Suppose I have a xlsx file consisting of three worksheets. Using this code snippet I'm able to read the whole xlsx file i.e. all three worksheets in which each row is separated by brackets and each cell separated by comma.
public static List<List<String>> excelProcess(File xlsxFile) throws Exception {
int minColumns = -1;
// The package open is instantaneous, as it should be.
OPCPackage p = OPCPackage.open(xlsxFile.getPath(), PackageAccess.READ);
XLSXParse xlsx2csv = new XLSXParse(p, System.out, minColumns);
xlsx2csv.process();
System.out.println("row list===="+xlsx2csv.getRowList().size());
return xlsx2csv.getRowList();
}
Here xlsxFile is the path of xlsx file.
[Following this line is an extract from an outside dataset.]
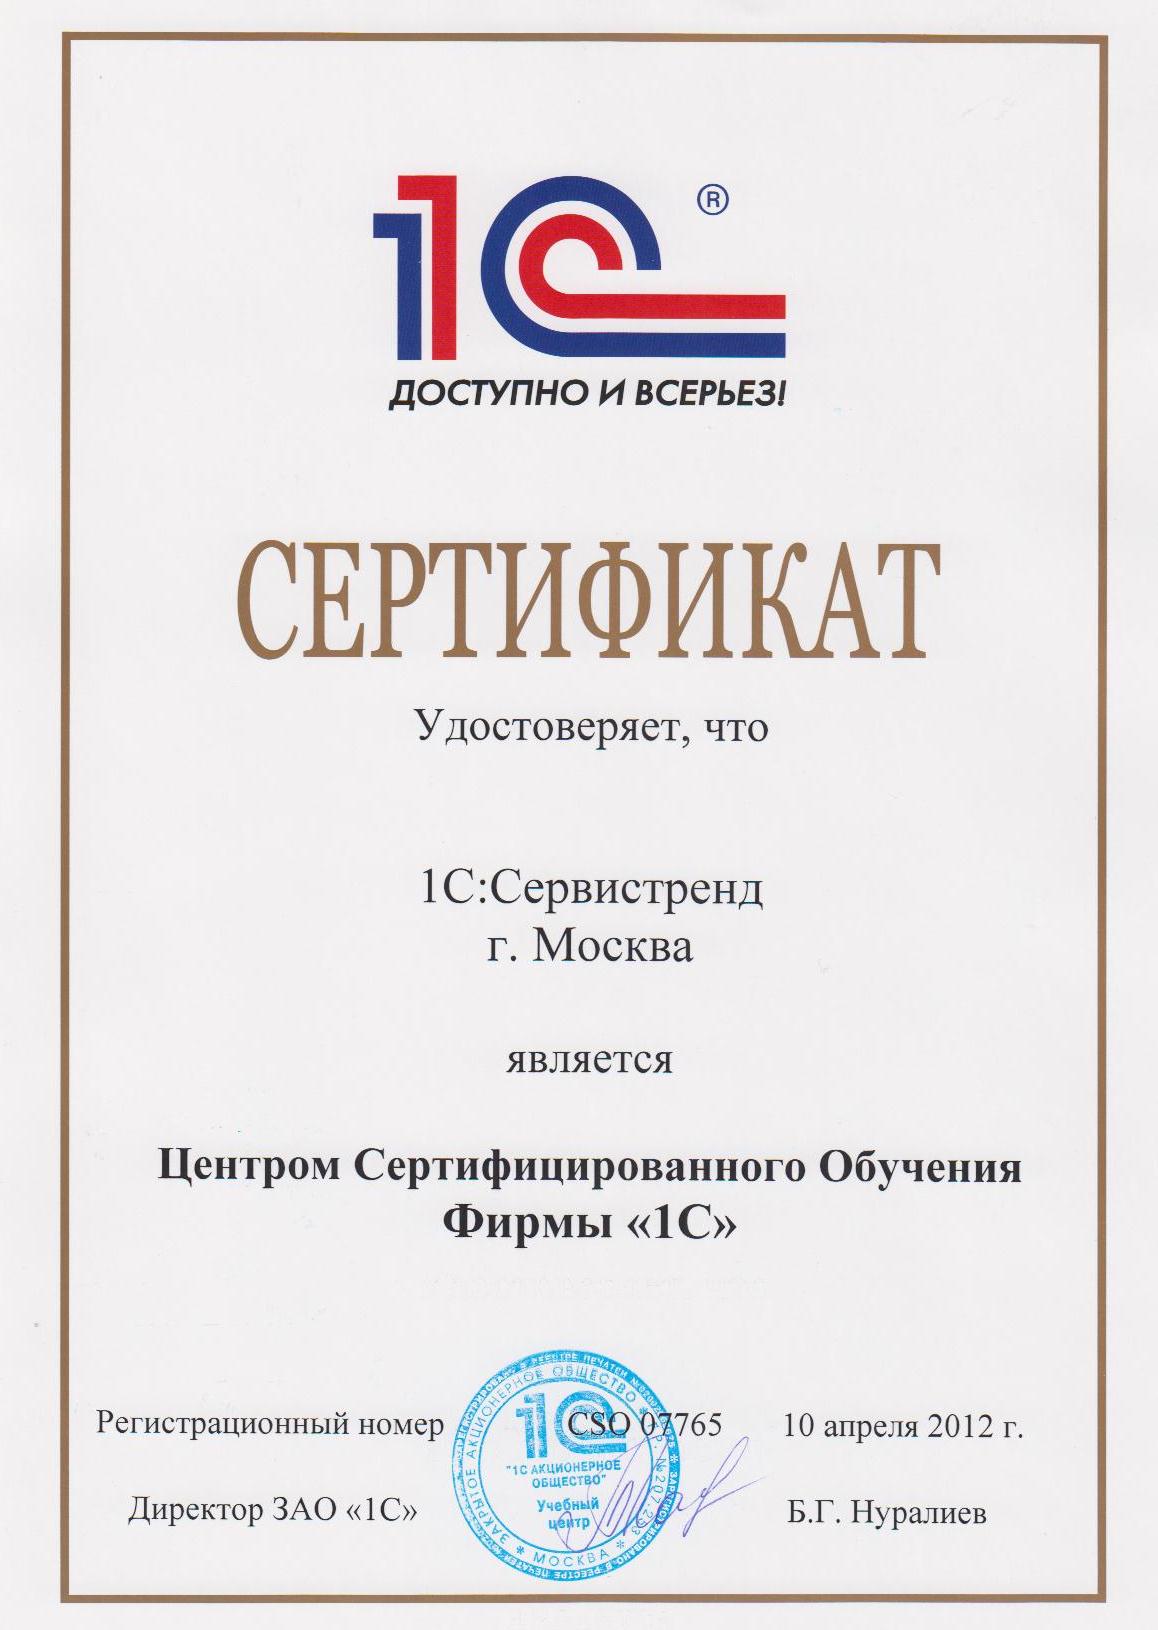 Сертификат Сервистренд - Центр Сертифицированного Обучения фирмы 1С

But I only want the data of a specific worksheet, say worksheet2 so I would pass worksheet name also like below.
public static List<List<String>> excelProcess(File xlsxFile,String sheetName) throws Exception {
Here sheetName is particular Worksheet's name.
You don't appear to be using any built-in Apache POI code for your parsing, so you'll need to switch to using POI directly!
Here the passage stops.